Slope Calculator

Understanding slope, the y-intercept, and the equation of a line

A straight line in the coordinate plane is completely described by its slope and one point on the line. When two points are known, both the slope and the y-intercept can be calculated, and from those two values the full equation of the line in slope-intercept form can be written. This slope calculator takes two coordinate points as input and returns the slope, y-intercept, line equation, the angle the line makes with the x-axis, and a classification of the slope type.

To use the calculator, enter the x and y coordinates of both points. The coordinates can be any real numbers, including negative values and zero. After clicking Calculate slope, the result displays all five pieces of information about the line in a single panel.

Slope (represented by the letter m) is defined as the rise over the run: m = (y2 minus y1) divided by (x2 minus x1). Rise is the vertical change between the two points and run is the horizontal change. For example, if the first point is (1, 3) and the second is (4, 9), the rise is 9 minus 3 = 6 and the run is 4 minus 1 = 3, giving a slope of 6 divided by 3 = 2. This means the line rises 2 units vertically for every 1 unit it moves horizontally.

The y-intercept (b) is the value of y where the line crosses the y-axis, at x = 0. Given the slope and one point, the y-intercept is found using the point-slope relationship: b = y1 minus m times x1. From the example above, b = 3 minus 2 times 1 = 1. The full equation is therefore y = 2x + 1.

The slope-intercept form y = mx + b is the standard way to write a linear equation. It immediately communicates both the slope (the coefficient of x) and where the line crosses the y-axis (the constant term). Any point on the line can be verified by substituting its x-coordinate into the equation and confirming that the result equals the y-coordinate.

The angle the line makes with the positive x-axis is the arctangent of the slope. For a slope of 2, the angle is arctangent(2) which is approximately 63.43 degrees. This angle is always between -90 and +90 degrees (exclusive) for any finite slope. For a vertical line (undefined slope), the angle is exactly 90 degrees.

Slope classification: positive, negative, zero, and undefined

A positive slope means the line rises from left to right as x increases. This is the most common orientation for lines representing growth, increase, or upward trends in data. A negative slope means the line falls from left to right. Lines with negative slope represent decrease or inverse relationships. A slope of zero means the line is perfectly horizontal: y is constant regardless of x. These are lines of the form y = c for some constant c. An undefined slope means the line is perfectly vertical: x is constant regardless of y. These are lines of the form x = c. For a vertical line, the calculator returns a special message rather than a numeric slope, since the slope formula requires dividing by the run, which is zero for vertical lines.
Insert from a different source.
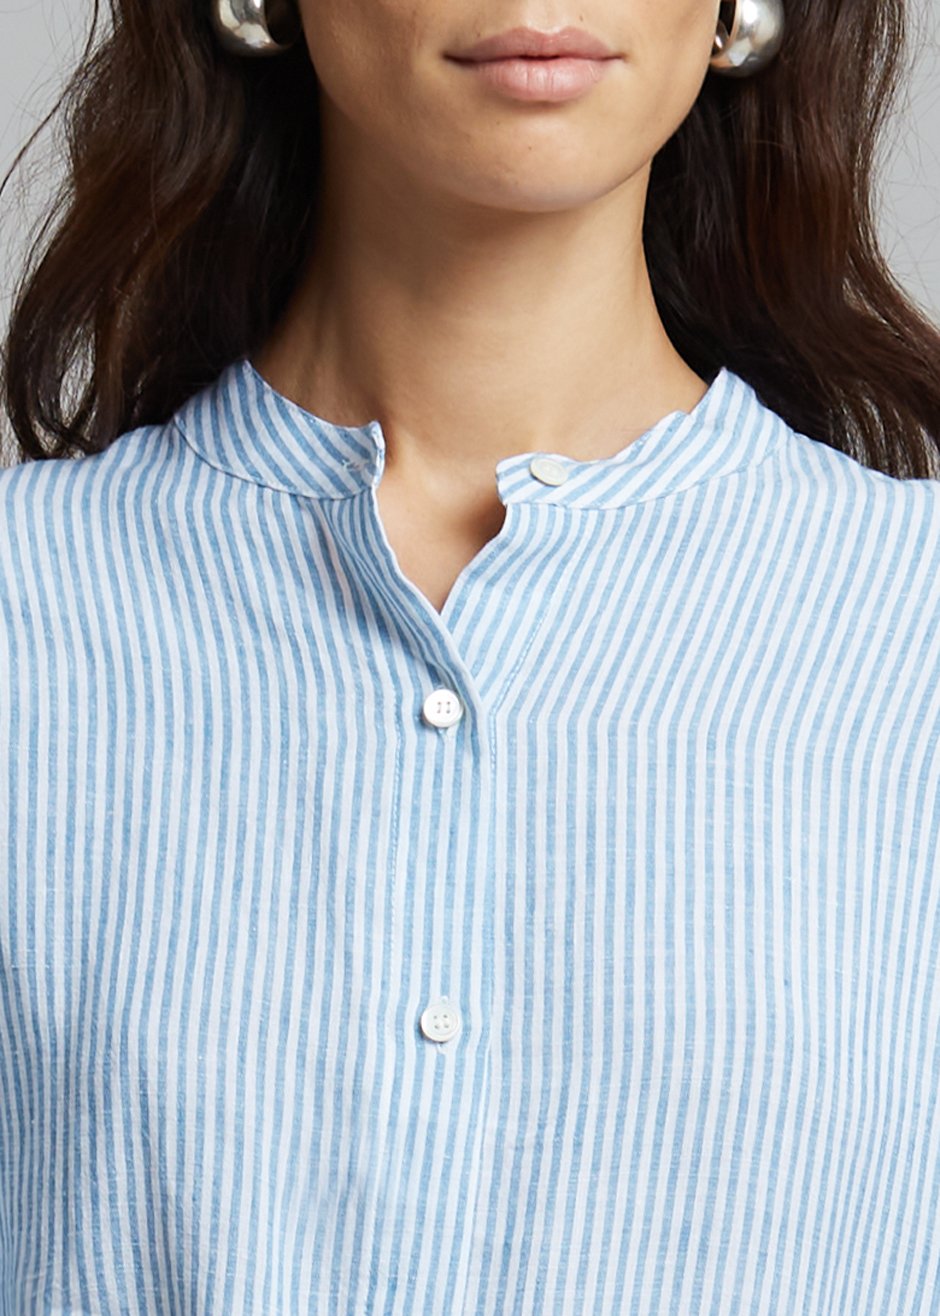 Malin Shirt Dress - Blue/White Stripe - 6
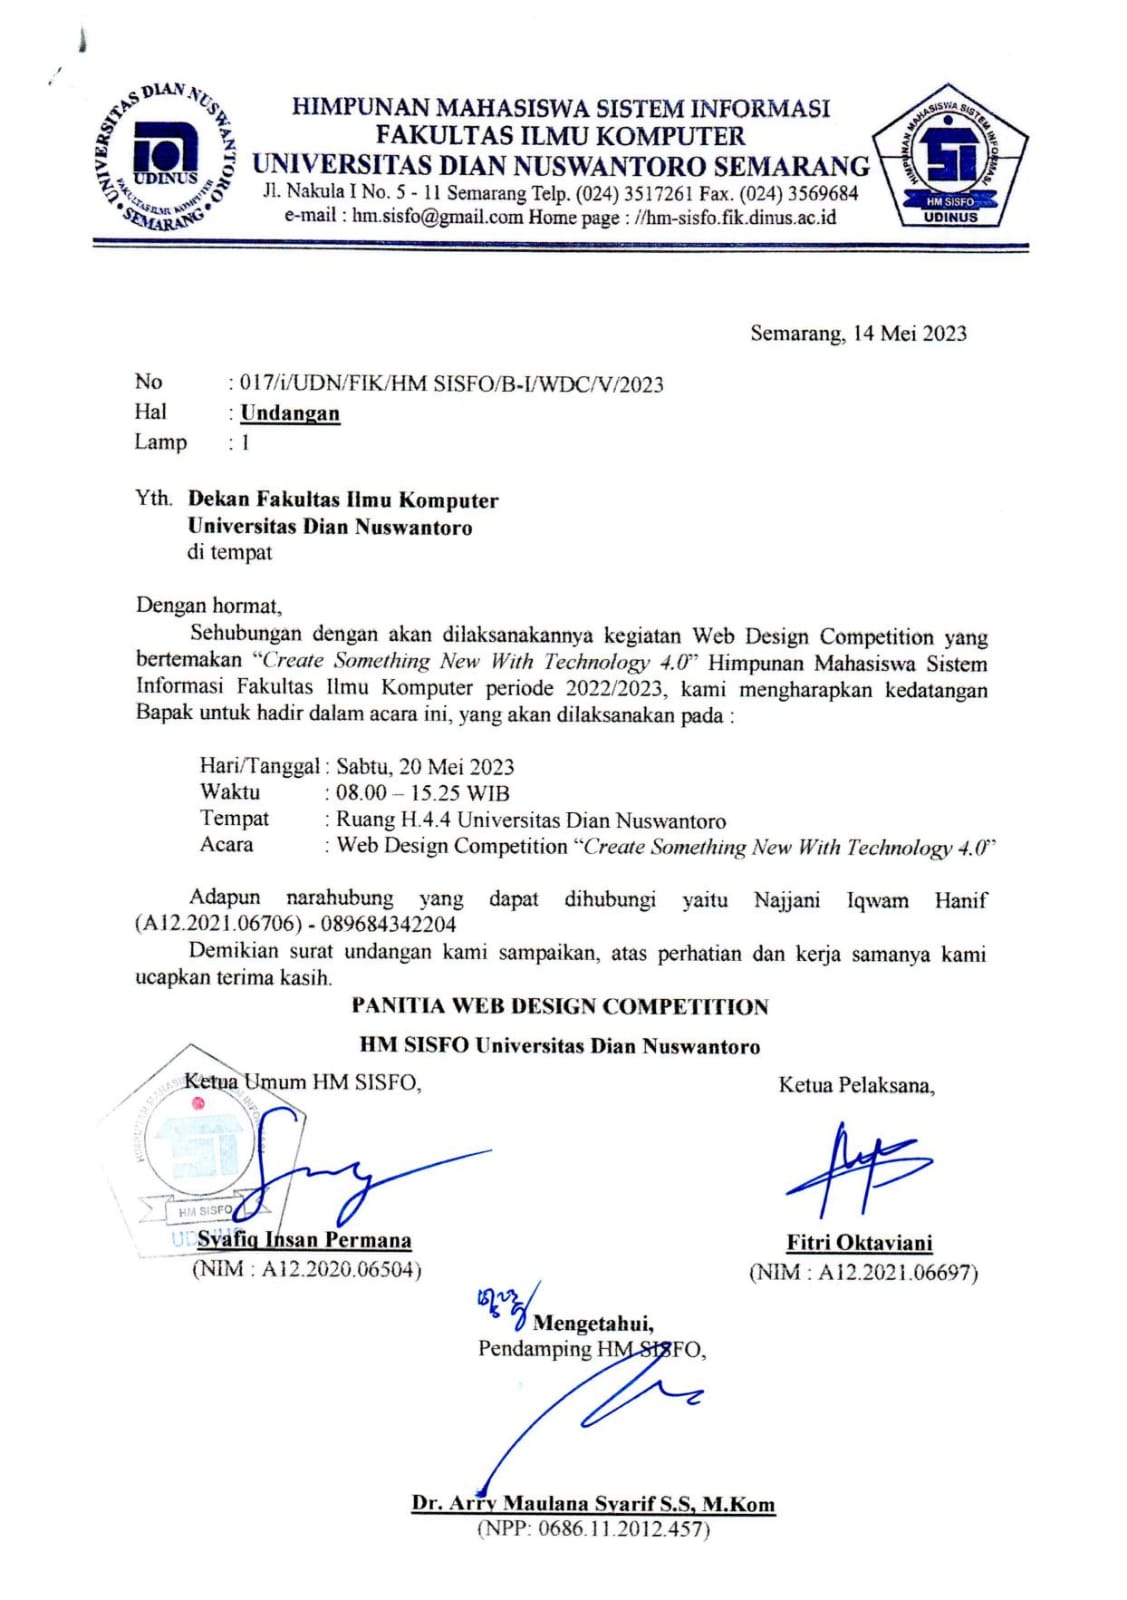 Surat Undangan Dekan Fakultas Ilmu Komputer Universitas Dian Nuswantoro

The absolute value of the slope tells you the steepness of the line. A slope of 0.1 is nearly flat. A slope of 10 is very steep. Two lines are parallel if and only if they have the same slope. Two lines are perpendicular if the product of their slopes equals -1 (equivalently, one slope is the negative reciprocal of the other). These relationships are fundamental in geometry when working with grids, graphs, and coordinate proofs.

Practical applications of slope calculations

Slope has direct physical meaning in many contexts. In civil engineering and road design, gradient or grade is the slope of a road expressed as a percentage: a 5% grade rises 5 units for every 100 units of horizontal distance. Building codes specify maximum ramp gradients for wheelchair accessibility. Roof pitch is expressed as a slope ratio. The slope of a water main or drain pipe determines whether water flows under gravity.

In economics and finance, the slope of a graph indicates the rate of change. A demand curve with a steeper slope indicates a less elastic relationship between price and quantity. A stock chart with a steep positive slope over a period indicates rapid price growth. In physics, the slope of a distance-time graph is velocity, and the slope of a velocity-time graph is acceleration.

In data analysis and statistics, linear regression finds the line that best fits a set of data points. The slope of that line is the regression coefficient, which tells you how much the dependent variable changes for each unit increase in the independent variable. Understanding slope intuitively — as the rate of change between two variables — is one of the most transferable mathematical skills across quantitative disciplines.